NEI data are downloaded from the EPA Emissions Inventory System (EIS) Gateway and hosted on EPA Data Commons for access by StEWI. For validation, the sum of facility releases are compared against reported totals by flow. Validation is only available for triennial datasets.
RCRAInfo data are sourced from the Public Data Files For validation, the sum of facility waste generation are compared against reported state totals as calculated for the National Biennial Report.
TRI data are sourced from the Basic Plus Data files For validation, the sum of facility releases are compared to national totals by flow from the TRI Explorer.
stewicombo
module combines inventory data from within and across selected inventories by matching facilities in the Facility Registry Service and
chemical flows using the Substance Registry Service.
If the remove_overlap
parameter is set to True (default), stewicombo
combines records using the following default logic:
- Records that share a common compartment, SRS ID and FRS ID within an inventory are summed.
- Records that share a common compartment, SRS ID and FRS ID across an inventory are assessed by compartment preference (see
INVENTORY_PREFERENCE_BY_COMPARTMENT
). - Additional steps are taken to avoid overlap of:
- nutrient flow releases to water between the TRI and DMR
- particulate matter releases to air reflecting PM < 10 and PM < 2.5 in the NEI
- Volatile Organic Compound (VOC) releases to air for individually reported VOCs and grouped VOCs
Install a release directly from github using pip.
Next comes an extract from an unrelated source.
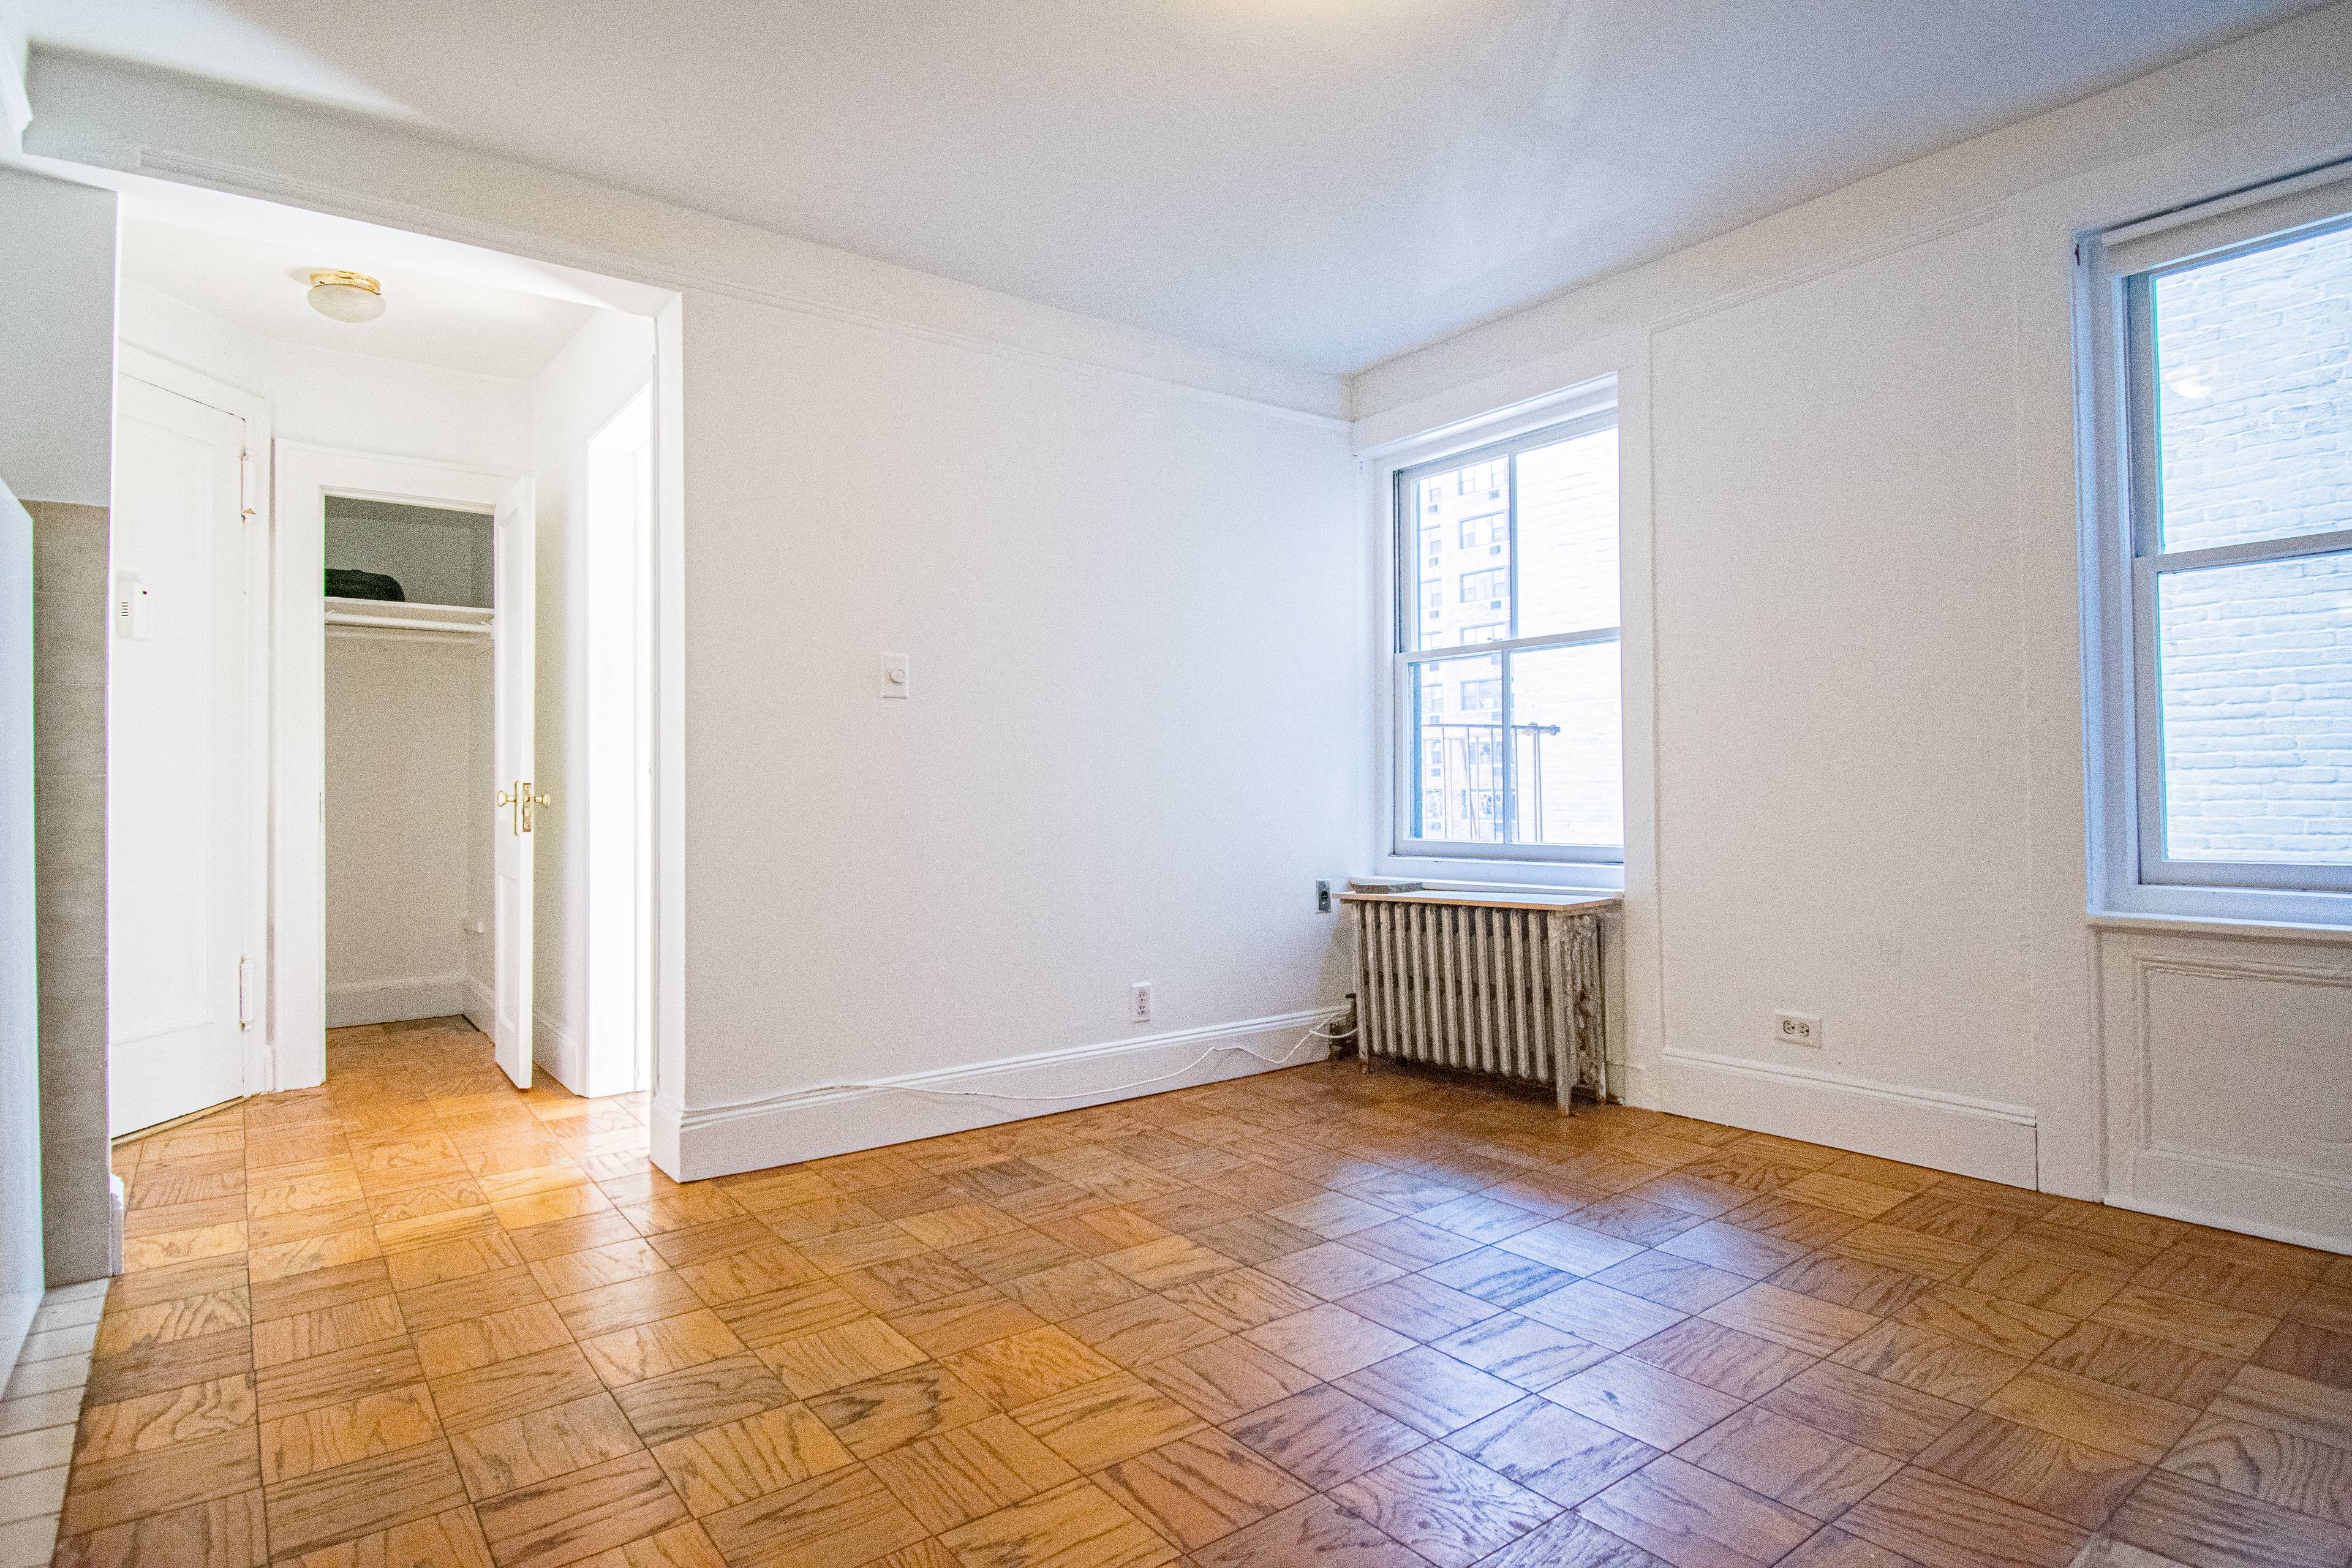 Cozy West Village Home Steps From Transportation and Museums (No Fee)

From a command line interface, run:
pip install git+https://github.com/USEPA/[email protected]#egg=StEWI
where you can replace 'v1.1.0' with the version you wish to use under Releases.
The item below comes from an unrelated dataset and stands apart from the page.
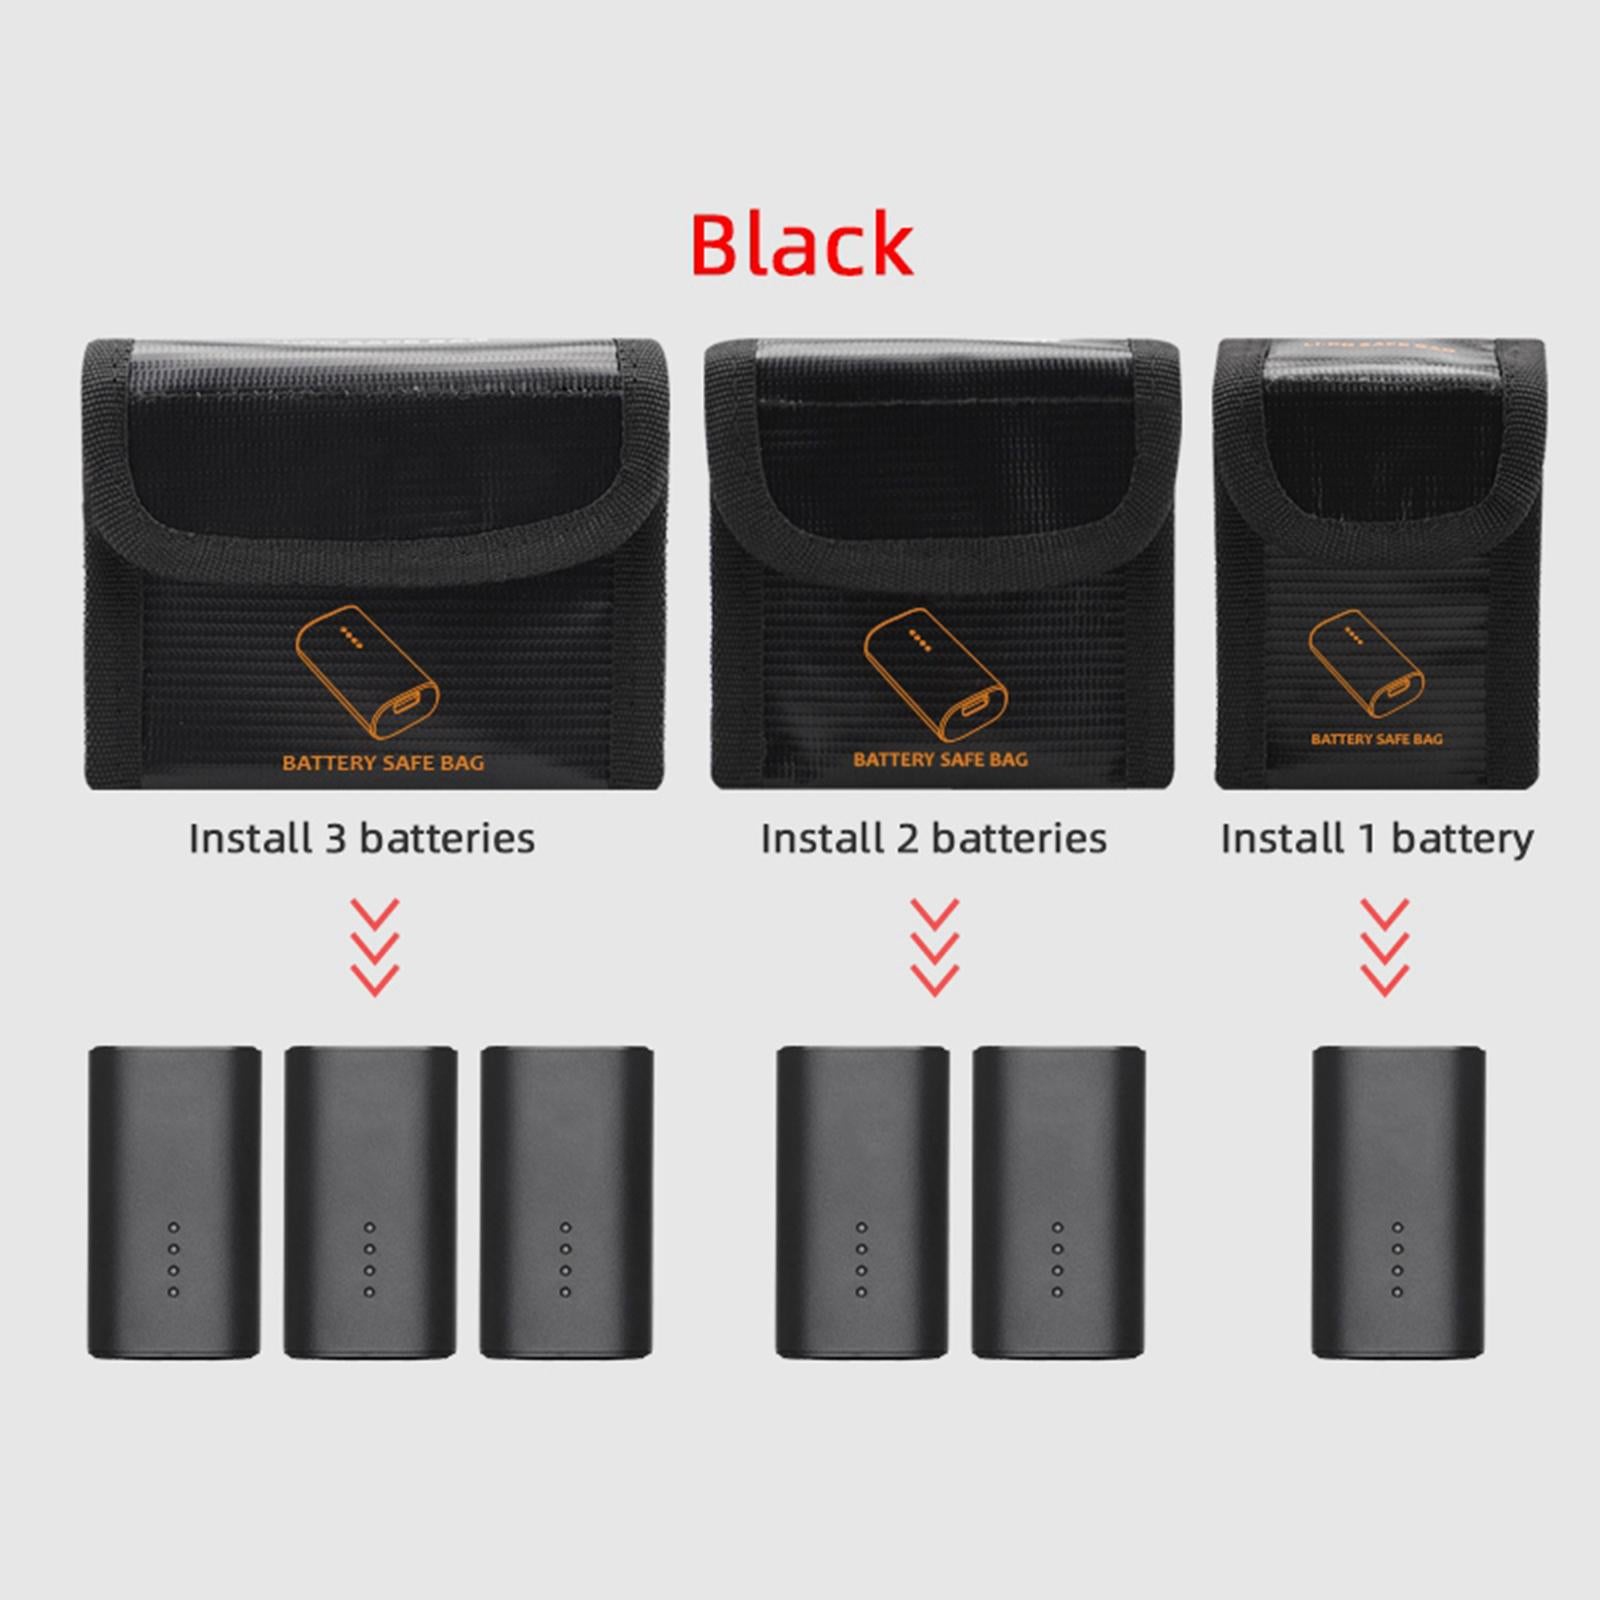 (9x11.3x5cm Waterproof Explosion-Proof Battery Safety Bag for DJI Racing Black L

Alternatively, to install from the most current point on the repository:
git clone https://github.com/USEPA/standardizedinventories.git
cd standardizedinventories
pip install . # or pip install -e . for devs
In order to enable calculation and assignment of urban/rural secondary contexts, please refer to
esupy's README.md for installation instructions,
which may require a copy of the env_sec_ctxt.yaml
file included here.
Output of StEWI can be accessed for selected releases without having to run StEWI. See the Data Product Links page for direct links to StEWI output files in Apache parquet format.
See the Wiki for instructions on installation and use and for citation and contact information.
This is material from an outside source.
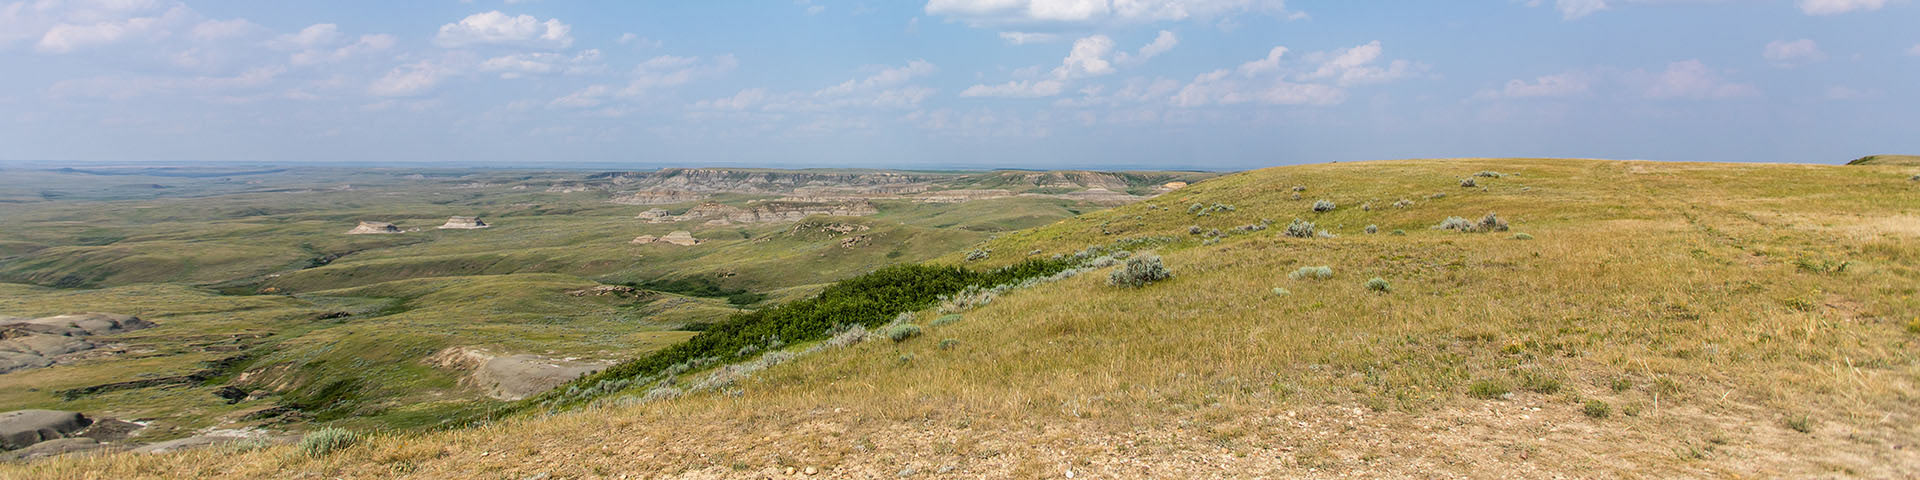 Scenic views from the Badlands Parkway in the East Block.

The United States Environmental Protection Agency (EPA) GitHub project code is provided on an "as is" basis and the user assumes responsibility for its use. EPA has relinquished control of the information and no longer has responsibility to protect the integrity , confidentiality, or availability of the information. Any reference to specific commercial products, processes, or services by service mark, trademark, manufacturer, or otherwise, does not constitute or imply their endorsement, recommendation or favoring by EPA. The EPA seal and logo shall not be used in any manner to imply endorsement of any commercial product or activity by EPA or the United States Government.